2.6.2. Sensing Features and Categorization Levels

Sensing features focus on how each product incorporates real-time data acquisition and monitoring systems. ChatGPT-extracted features that represent the product’s capability to are as follows:

• Collect real-time data: Use of sensors to gather environmental or operational data.
• Monitor conditions: Continuous tracking of energy use, environmental changes, or user behaviors.
• Provide feedback for optimization: How the sensors provide input for system adjustments.

The features were then evaluated using the following levels:

• High (3): Advanced, complex sensing systems with significant real-time data integration crucial for decision making.
• Medium (2): More advanced sensors or real-time data applications beyond simple monitoring.
• Low (1): Basic sensors or data collection methods with limited complexity.

2.6.3. Sustainable Features and Categorization Levels

Sustainable features evaluate the products’ contributions to environmental sustainability and resource efficiency. ChatGPT-extracted features reflect the following:

• Energy efficiency: How the product minimizes energy consumption or uses renewable energy sources.
• Resource management: Efforts to reduce waste and optimize resource use.
• Long-term viability: Technologies that support sustainable urban growth and environmental stewardship.

Sustainability features were categorized using the following criteria:

• High (3): Technologies that have long-term impact and contribute fundamentally to urban or environmental sustainability, such as renewable energy systems.
• Medium (2): Solutions that provide moderate efficiency or eco-friendliness, such as resource management or energy-saving measures.
• Low (1): Single-component features with limited or minimal impact on sustainability.

2.6.4. Social Features and Categorization Levels

The social dimension involves understanding how the product enhances the quality of life, promotes inclusivity, and engages communities. ChatGPT-extracted features describe the following:

• Community engagement: How the product fosters participation or interaction within a community.
• Quality of life improvements: Enhancing comfort, accessibility, or convenience for city residents.
• Inclusivity: Addressing social justice or providing equal access to services.

The features were then evaluated using the following levels:

• High (3): Broad and transformative impact on the urban community, promoting large-scale social inclusion.
• Medium (2): Moderate community engagement or societal improvement involving small to medium-sized groups or communities.
• Low (1): Localized or limited impact, focusing on individual benefits or smaller-scale improvements.
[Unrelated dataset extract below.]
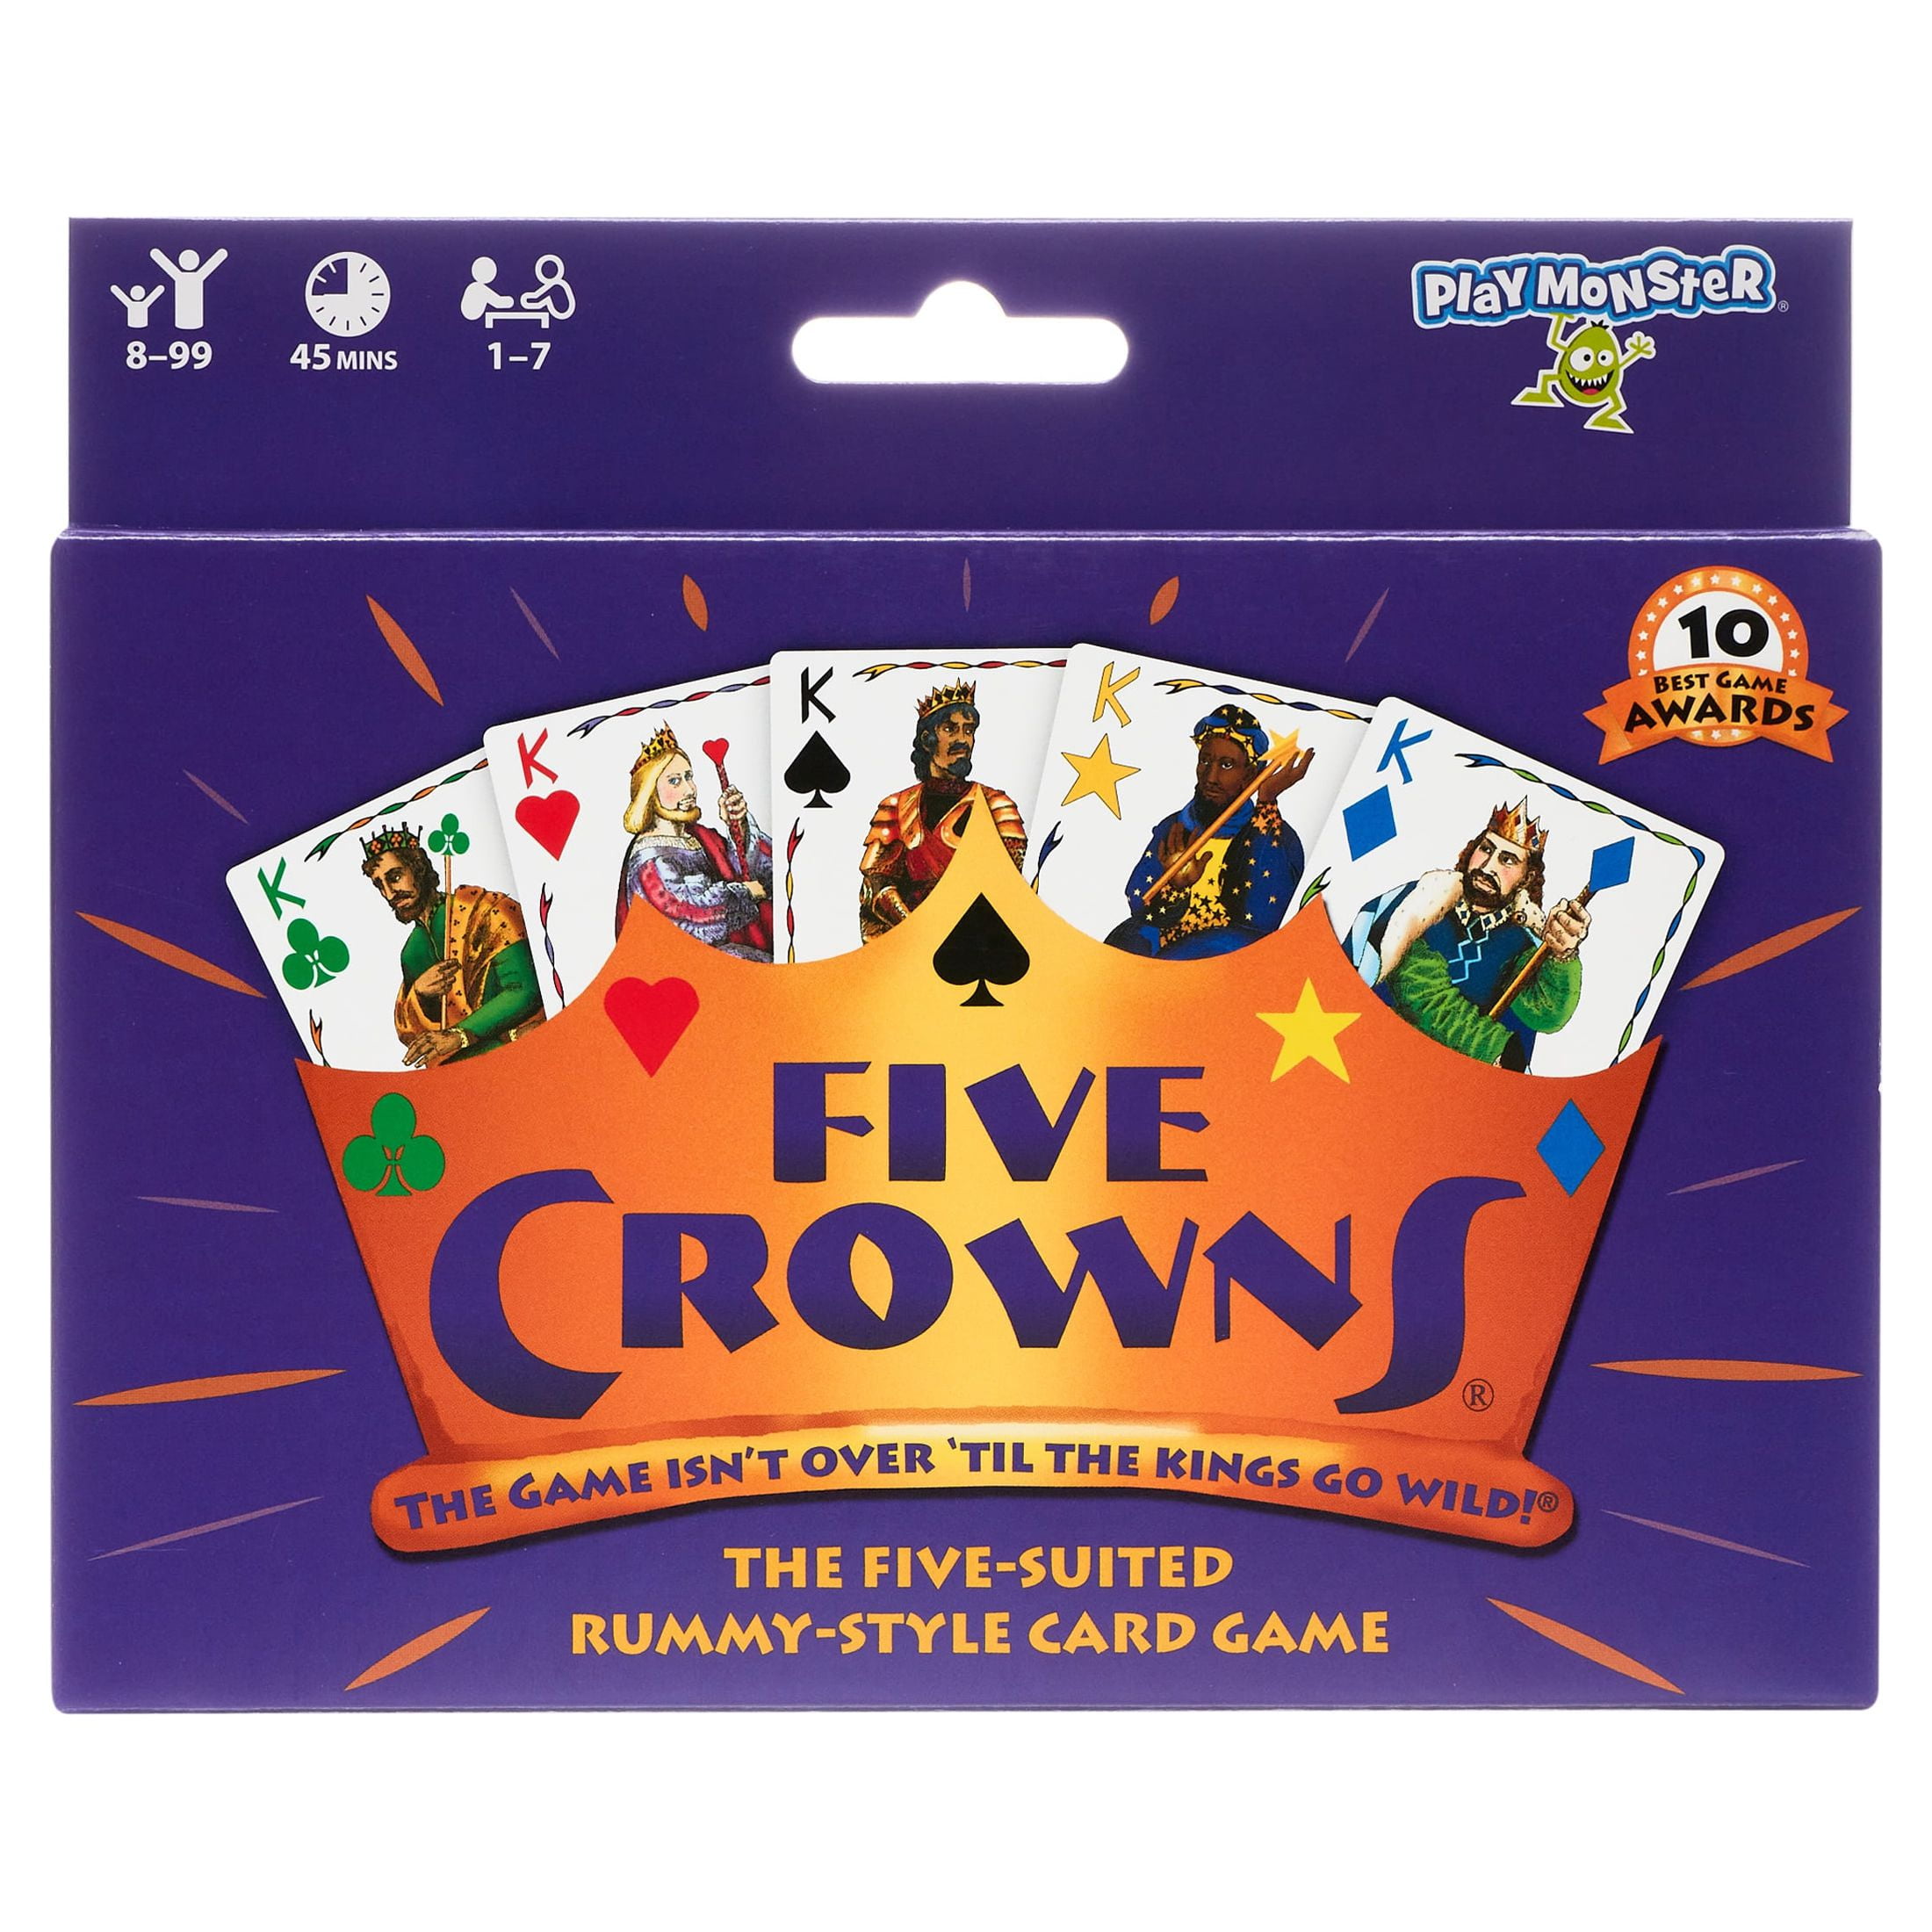 CARD Game for Kids

2.6.5. Safe Features and Categorization Levels

For safe features, the focus was on identifying how the product ensures security and safety for users and infrastructure. ChatGPT-extracted features are related to the following:

• Safety protocols: Implementation of safety standards and measures to reduce risk.
• Security systems: Integration of data security, physical safety, or accident prevention technologies.
• Risk mitigation: How the product proactively prevents hazards or ensures user safety.
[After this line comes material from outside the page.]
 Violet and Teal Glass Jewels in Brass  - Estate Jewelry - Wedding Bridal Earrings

These features were classified using the criteria below:

• High (3): Comprehensive systems providing a wide-reaching effect on urban infrastructure or large populations.
• Medium (2): Safety measures affecting larger groups or extended areas.
• Low (1): Basic safety specific to a narrow or isolated aspect of urban life, focusing on individual protection.

The features extracted by ChatGPT were organized into a structured dataset, linking each product to specific characteristics for each S dimension, with at least three to four relevant features identified per dimension. Figure 9 and Figure 10 show the extracted Penta-S features. The dataset was further enriched by generating around 300 keywords related to each dimension, enhancing the analysis of the products’ technological, sensing, sustainable, social, and safety aspects. These expanded datasets capture the full range of relevant attributes for smart city solutions and are available in ref. [46].

2.7. Classification of Embodied Energy Levels for Materials for the Sustainable Dimension

Embodied energy is the total energy required to produce materials, from extraction to manufacturing. In sustainability, choosing materials with lower embodied energy helps reduce environmental impact [47]. We classified materials using a three-level approach based on energy data from material databases and industry standards [48,49,50,51], with levels determined by energy consumption in megajoules per kilogram (MJ/kg).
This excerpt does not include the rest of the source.